Re: A process killed while opening a file can result in leaked open handle on the server

Ronnie Sahlberg <lsahlber@xxxxxxxxxx> · Wed, 13 Nov 2019 20:39:44 -0500 (EST)

----- Original Message -----
> From: "Frank Sorenson" <sorenson@xxxxxxxxxx>
> To: "Ronnie Sahlberg" <lsahlber@xxxxxxxxxx>, "Pavel Shilovsky" <piastryyy@xxxxxxxxx>
> Cc: "linux-cifs" <linux-cifs@xxxxxxxxxxxxxxx>
> Sent: Thursday, 14 November, 2019 8:15:46 AM
> Subject: Re: A process killed while opening a file can result in leaked open handle on the server
> 
> On 11/13/19 12:49 AM, Ronnie Sahlberg wrote:
> > Steve, Pavel
> > 
> > This patch goes ontop of Pavels patch.
> > Maybe it should be merged with Pavels patch since his patch changes from
> > "we only send a close() on an interrupted open()"
> > to now "we send a close() on either interrupted open() or interrupted
> > close()" so both comments as well as log messages are updates.
> > 
> > Additionally it adds logging of the MID that failed in the case of an
> > interrupted Open() so that it is easy to find it in wireshark
> > and check whether that smb2 file handle was indeed handles by a SMB_Close()
> > or not.
> > 
> > 
> > From testing it appears Pavels patch works. When the close() is interrupted
> > we don't leak handles as far as I can tell.
> > We do have a leak in the Open() case though and it seems that eventhough we
> > set things up and flags the MID to be cancelled we actually never end up
> > calling smb2_cancelled_close_fid() and thus we never send a SMB2_Close().
> > I haven't found the root cause yet but I suspect we mess up mid flags or
> > state somewhere.
> > 
> > 
> > It did work in the past though when Sachin provided the initial
> > implementation so we have regressed I think.
> > I have added a new test 'cifs/102'  to the buildbot that checks for this
> > but have not integrated into the cifs-testing run yet since we still fail
> > this test.
> > At least we will not have further regressions once we fix this and enable
> > the test in the future.
> > 
> > ronnie s
> 
> The patches do indeed improve it significantly.
> 
> I'm still seeing some leak as well, and I'm removing ratelimiting so
> that I can see what the added debugging is trying to tell us.  I'll
> report if I find more details.
> 

We are making progress.
Can you test this patch if it improves even more for you?
It fixes most but not all the leaks I see for interrupted open():

I will post this to the list too as a separate mail/patch.
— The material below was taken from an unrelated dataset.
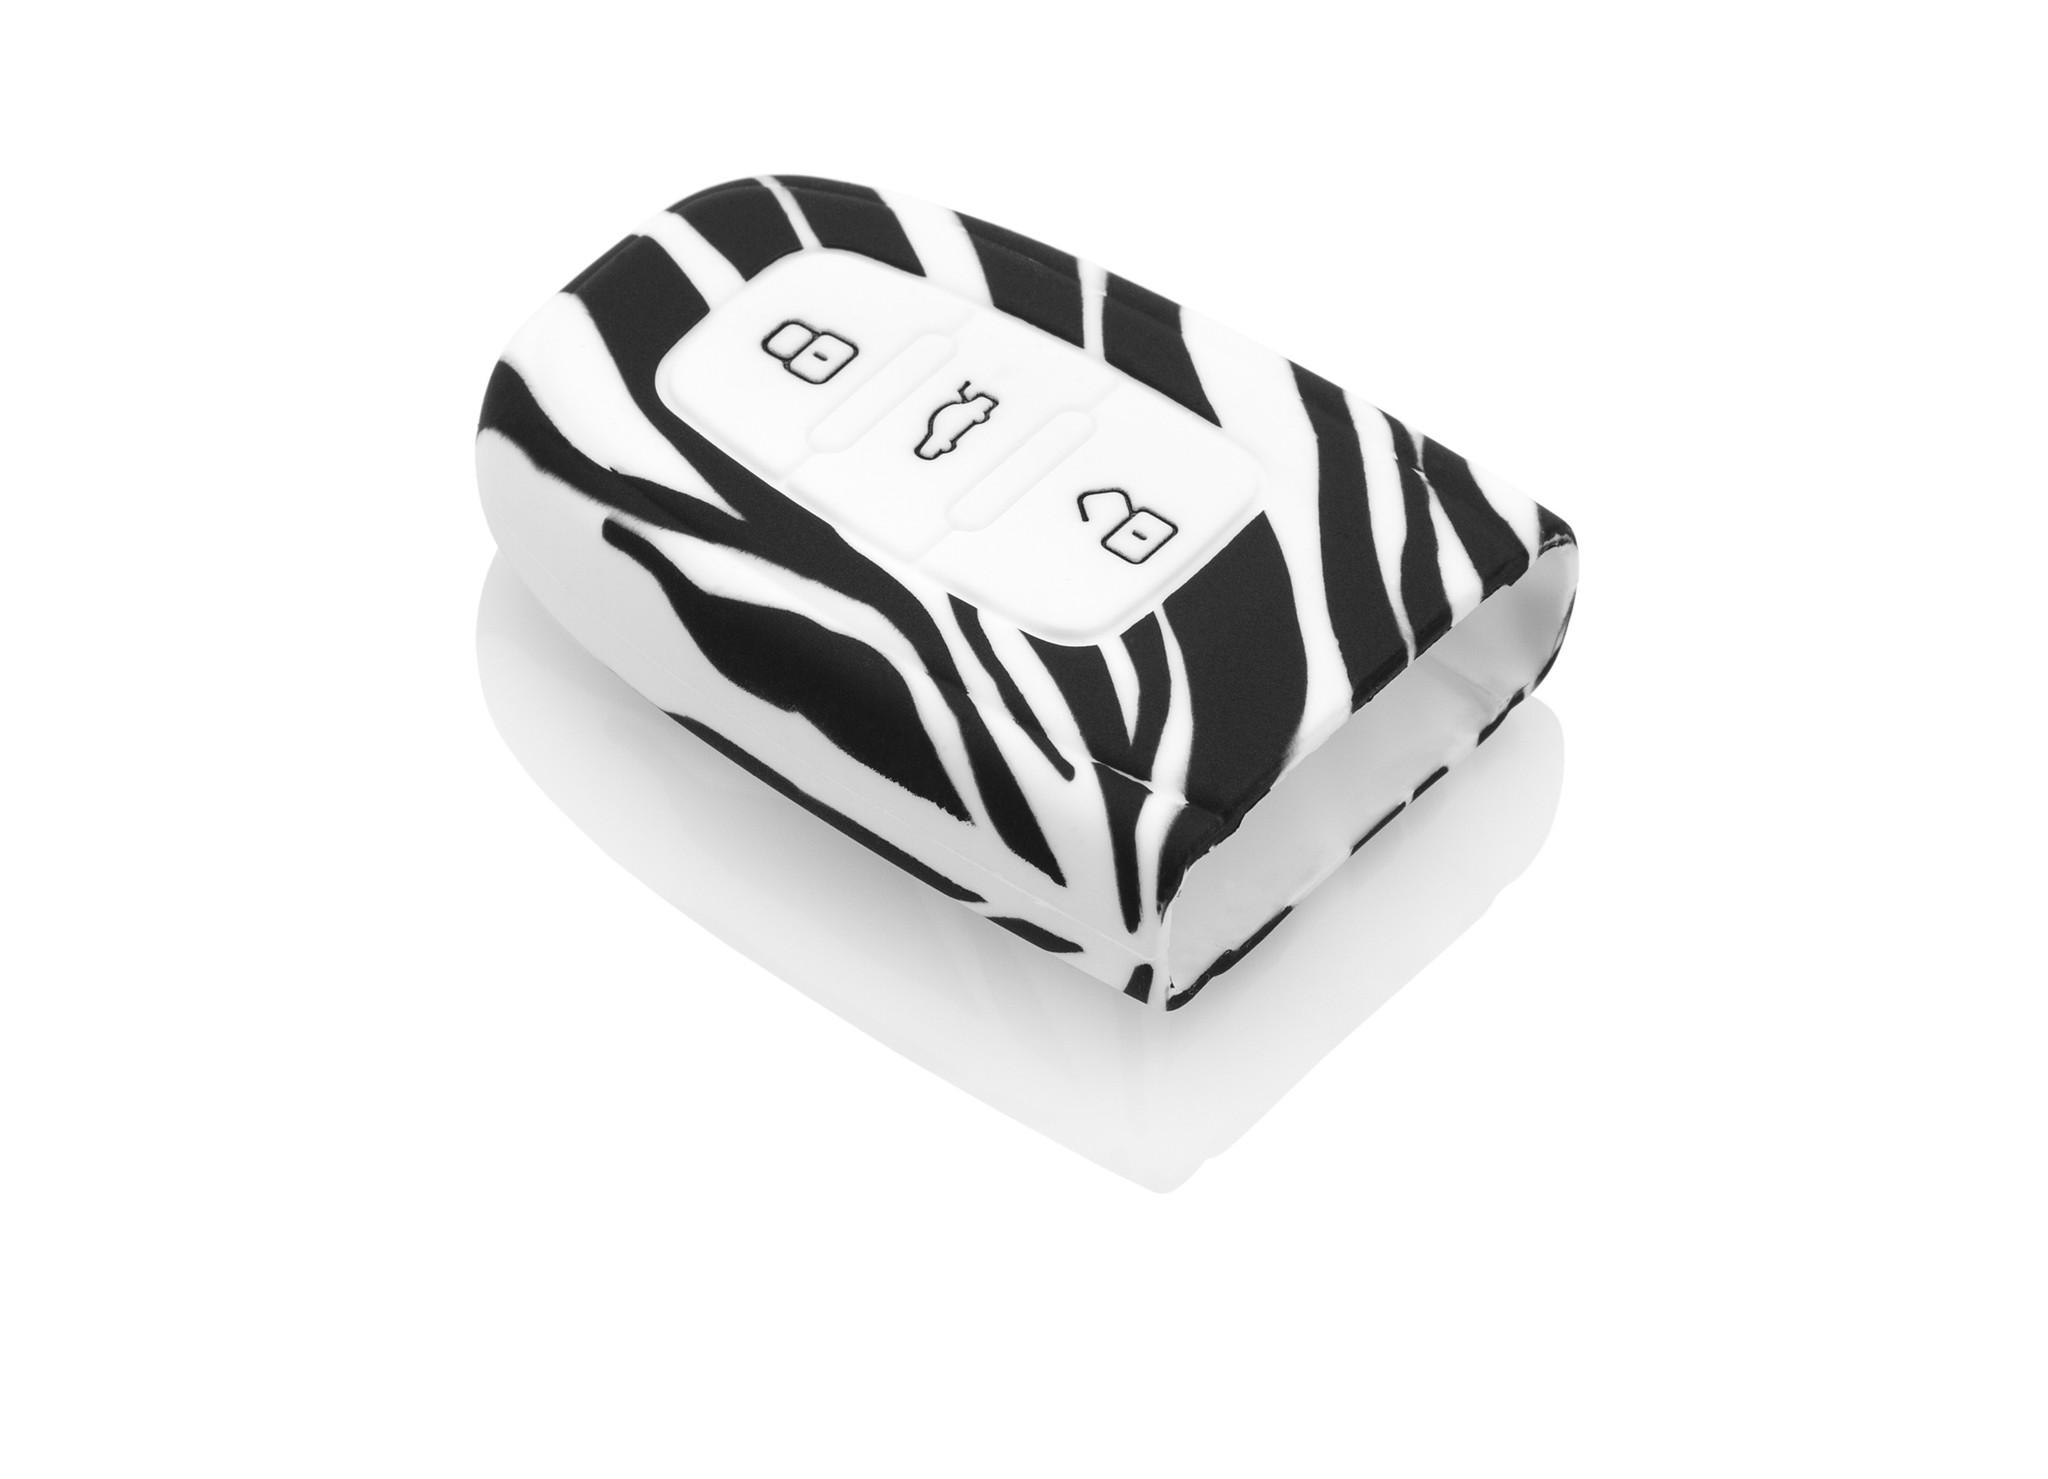 TBU car Autoschlüssel Hülle für Audi 3 Tasten (Keyless Entry) - Schutzhülle aus Silikon - Auto Schlüsselhülle Cover in Zebra

Author: Ronnie Sahlberg <lsahlber@xxxxxxxxxx>
Date:   Thu Nov 14 11:23:06 2019 +1000

    cifs: fix race between compound_send_recv() and the demultiplex thread
    
    There is a race where the open() may be interrupted between when we receive the reply
    but before we have invoked the callback in which case we never end up calling
    handle_cancelled_mid() and thus leak an open handle on the server.
    
    Signed-off-by: Ronnie Sahlberg <lsahlber@xxxxxxxxxx>

diff --git a/fs/cifs/connect.c b/fs/cifs/connect.c
index ccaa8bad336f..802604a7e692 100644
--- a/fs/cifs/connect.c
+++ b/fs/cifs/connect.c
@@ -1223,7 +1223,6 @@ cifs_demultiplex_thread(void *p)
                        if (mids[i] != NULL) {
                                mids[i]->resp_buf_size = server->pdu_size;
                                if ((mids[i]->mid_flags & MID_WAIT_CANCELLED) &&
-                                   mids[i]->mid_state == MID_RESPONSE_RECEIVED &&
                                    server->ops->handle_cancelled_mid)
                                        server->ops->handle_cancelled_mid(
                                                        mids[i]->resp_buf,
diff --git a/fs/cifs/transport.c b/fs/cifs/transport.c
index ca3de62688d6..28018a7eccb2 100644
--- a/fs/cifs/transport.c
+++ b/fs/cifs/transport.c
@@ -1119,7 +1119,8 @@ compound_send_recv(const unsigned int xid, struct cifs_ses *ses,
                                 midQ[i]->mid, le16_to_cpu(midQ[i]->command));
                        send_cancel(server, &rqst[i], midQ[i]);
                        spin_lock(&GlobalMid_Lock);
-                       if (midQ[i]->mid_state == MID_REQUEST_SUBMITTED) {
+                       if (midQ[i]->mid_state == MID_REQUEST_SUBMITTED ||
+                           midQ[i]->mid_state == MID_RESPONSE_RECEIVED) {
                                midQ[i]->mid_flags |= MID_WAIT_CANCELLED;
                                midQ[i]->callback = cifs_cancelled_callback;
                                cancelled_mid[i] = true;





> 
> Thanks for the help.
> 
> 
> Frank
> 
>